За двадцать с лишним лет, которые он знал Борисенко, Гилев не помнил, чтобы тот хоть раз с кем-нибудь поскандалил. Не лезет он на рожон. Все в уединении ходит, молчит. «Черт знает...» — пробормотал Гилев, припал к зеленому пятилитровому чайнику с водой. Утолив жажду, пошел заводить мотопилу, которую помощник заправлял бензином. Еще одна запалка — и домой, конец смены.
После работы, не заглянув в избу, Борисенко прошел в огород.

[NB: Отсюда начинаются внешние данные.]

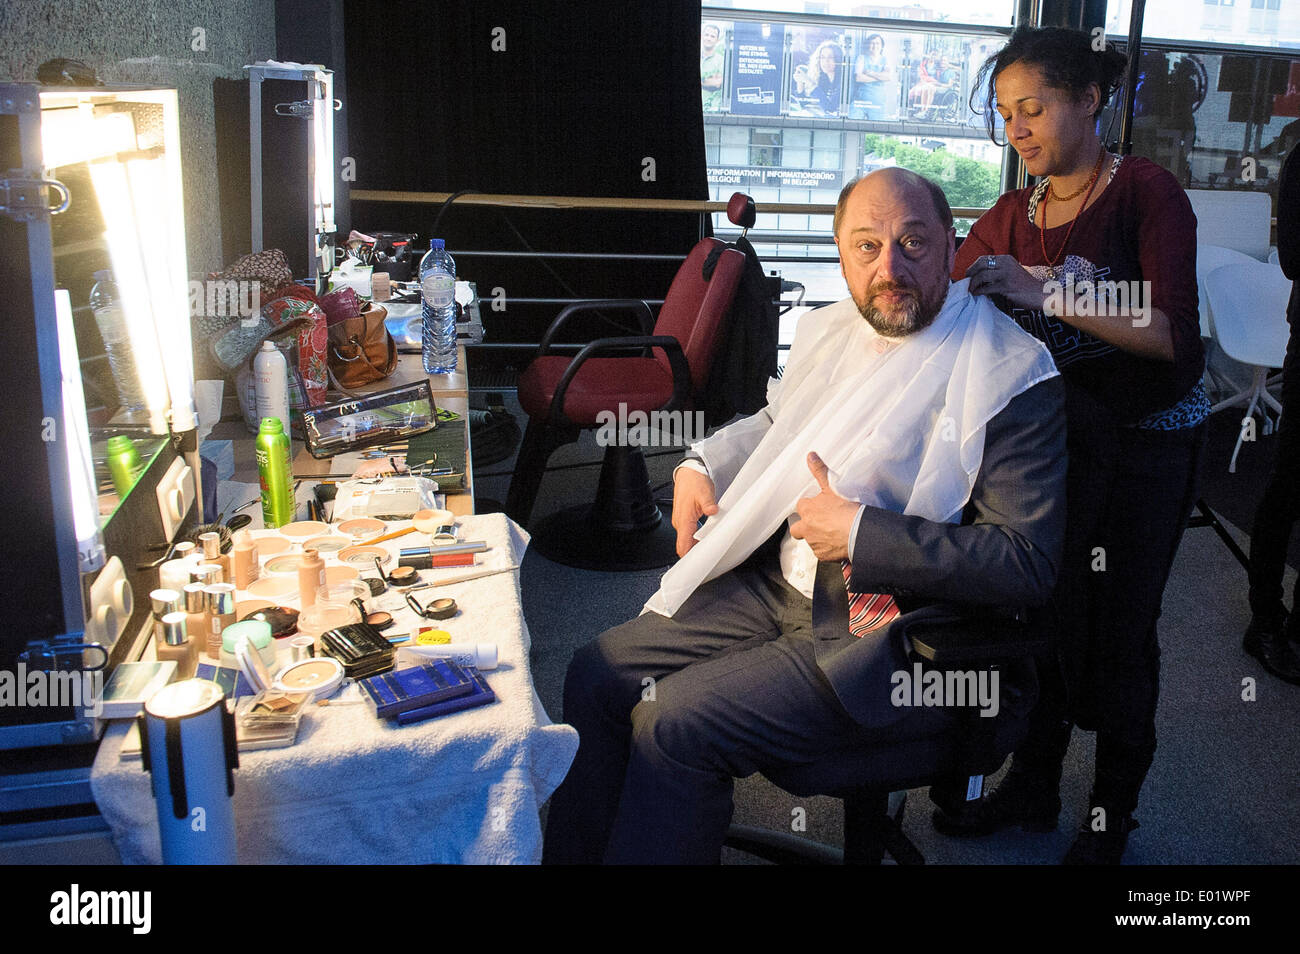 Brussels, Belgium. 29th April 2014. Martin Schulz, top candidate of the Party of European Socialists (PSE) for the upcoming European elections, receives the make-up ahead of Euranet's 'Big Crunch' Presidential debate at the EU parliament in BrusselsThe four top candidates for the presidency of the European Commission - Jean-Claude Juncker, Ska Keller, Martin Schulz and Guy Verhofstadt - attend EU-wide debate organized by EuranetPlus and focused on the major election topics. Credit:  dpa picture alliance/Alamy Live News Stock Photo

Жена и младший сын-школьник (четверо старших детей жили отдельно: трое работали, один учился в институте) копали картошку, складывали клубни в мешки. Не обмолвившись с семьей ни словом, Борисенко с ходу ухватил мешок за устье одной рукой и, подсобив другою, легко закинул его на плечо, понес.
В этот момент он увидел остановившийся возле ограды «уазик», из которого вышел человек.
— Борисенко Григорий Иванович? — спросил незнакомец, подойдя к хозяину.
— Ну, — нахмурясь, неуверенно произнес Борисенко.
— Следователь отделения госбезопасности Климов, — представился приехавший. — Мне необходимо с вами переговорить.
Климов вручил Борисенко вызов в Минск. Успокоил, что в этом нет ничего особенного, вызывают многих уроженцев Белоруссии, побывавших в оккупации, возьмут обычные свидетельские показания.
Озадаченный Борисенко глядел вслед «уазику» и безжалостно кусал нижнюю губу. Наконец, теряясь в предположениях, направился снова в огород.